# Former chicken owner...



## tct1w (Jun 6, 2008)

You will like bees alot better than chickens. I do,we have both. This is a great place to learn. Alot of year of experience. Take care and good luck Dave


----------



## Grant (Jun 12, 2004)

NorthernIllinoisPlumber said:


> Now with the help of a older (retired beekeeper) gentleman and an aqauintance with about 5 acres, we are going to start a couple hives in the spring.


You'll find your land base to be irrelevant. You don't need acres and acres of land to support bees. Your bees will fly over two miles, covering over 8,000 acres of your neighbor's land, literally "stealing" their nectar.

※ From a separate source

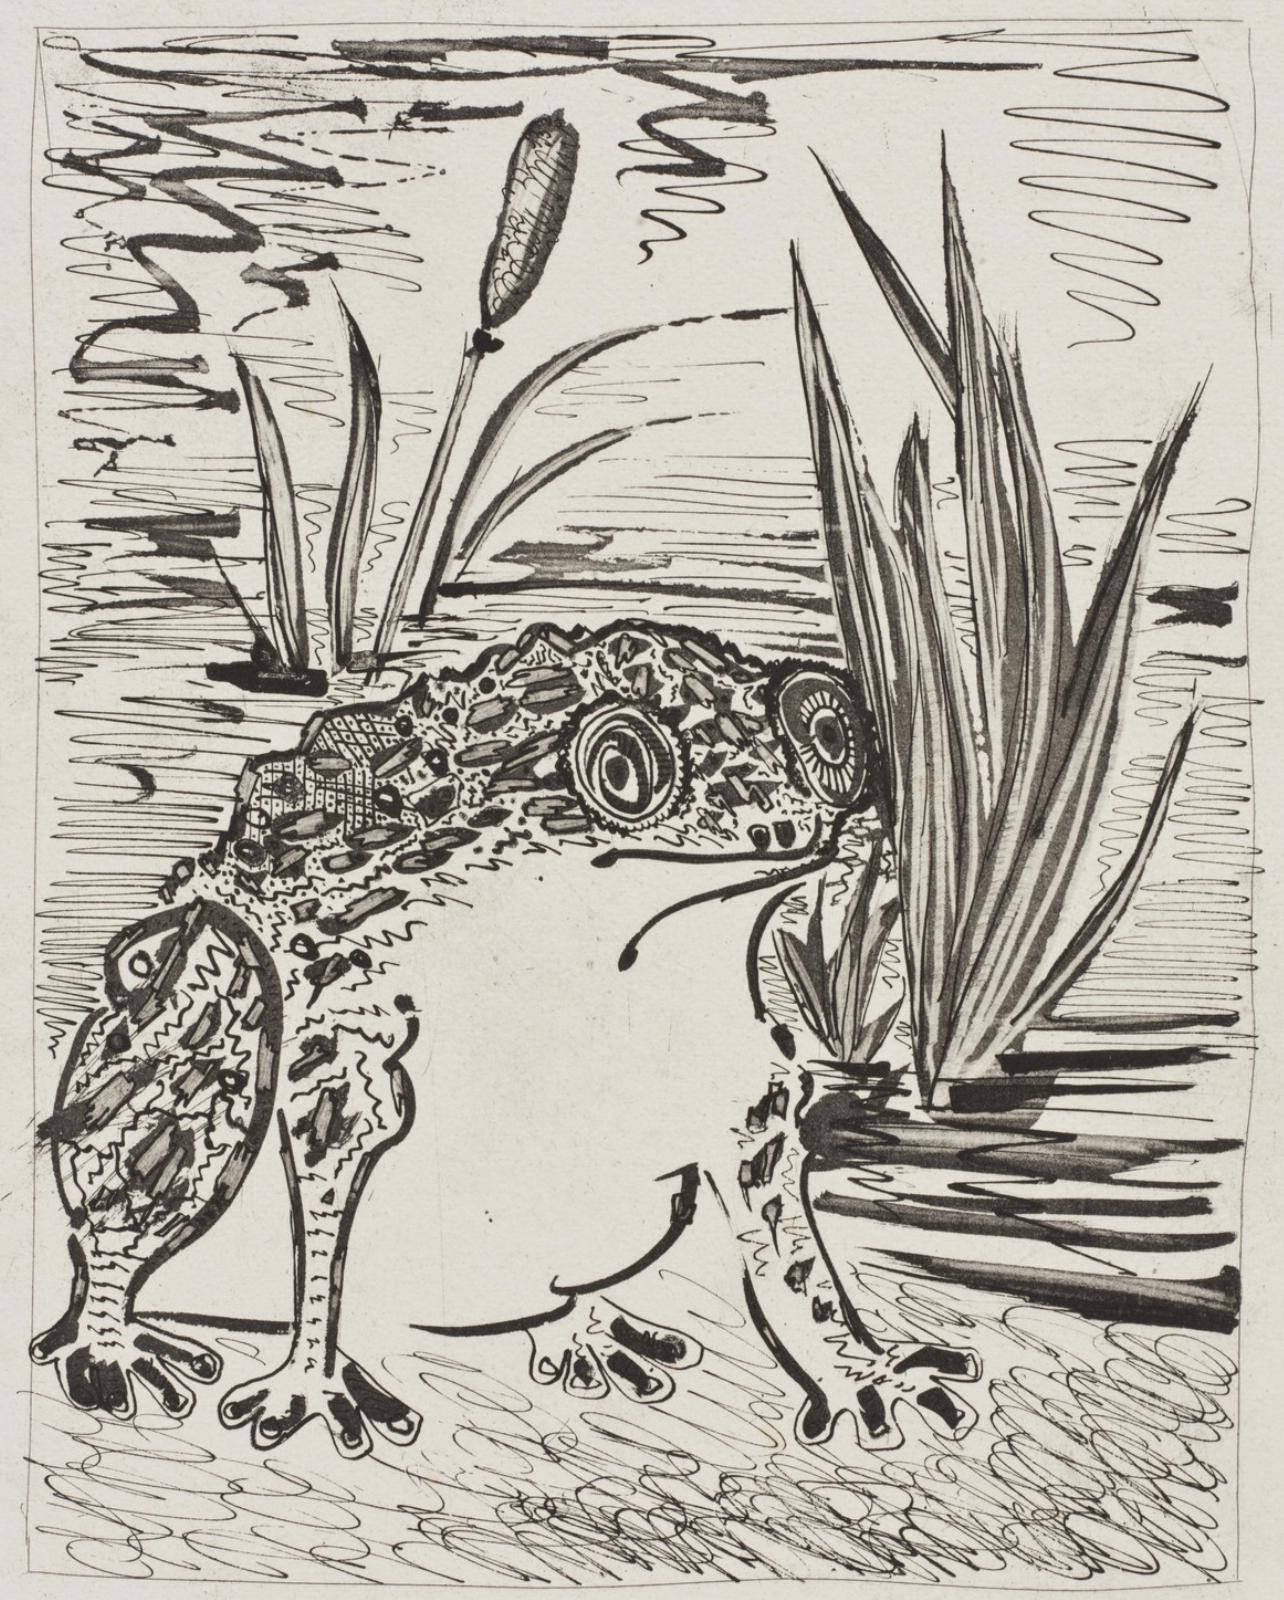 Pablo Picasso Landscape Print - Picasso, Le Crapaud, Histoire naturelle (after)

Of course, pollinating their crops is a nice trade-off so I don't feel guilty.

The only real reason to have "enough" land is to place your hives a safe distance from your neighbors so they feel comfortable (or enough land to grow enough shrubbery to conceal your hives).

Grant
Jackson, MO http://maxhoney.homestead.com


----------



## honeyman46408 (Feb 14, 2003)

*NorthernIllinoisPlumber*

Welcome to beesource from a *retired* Northwest Indiana Plumber


----------



## sqkcrk (Dec 10, 2005)

Had chickens, have bees. At least the foxes don't give them any grief.

Have fun.


----------



## NorthernIllinoisPlumber (Aug 17, 2010)

Grant said:


> The only real reason to have "enough" land is to place your hives a safe distance from your neighbors so they feel comfortable (or enough land to grow enough shrubbery to conceal your hives).


Exactly. I had enough room for the hens, but spacing the bees from the neighbors and backyard family activities would be an issue.


----------



## AmericasBeekeeper (Jan 24, 2010)

Welcome, everything has its challenges. If you have foxes, you probably will have a bear visit your hives too. You can fence them (even electric fence), elevate them, even strap it together with a steel cage. Bears love honey and they will go under, over, around, or through any obstacle you provide. I had a hive eaten in Florida. A couple ratchet straps have prevented a recurrance so far. I certainly do not want to discourage anyone from beekeeping, just encourage proper planning for success.


----------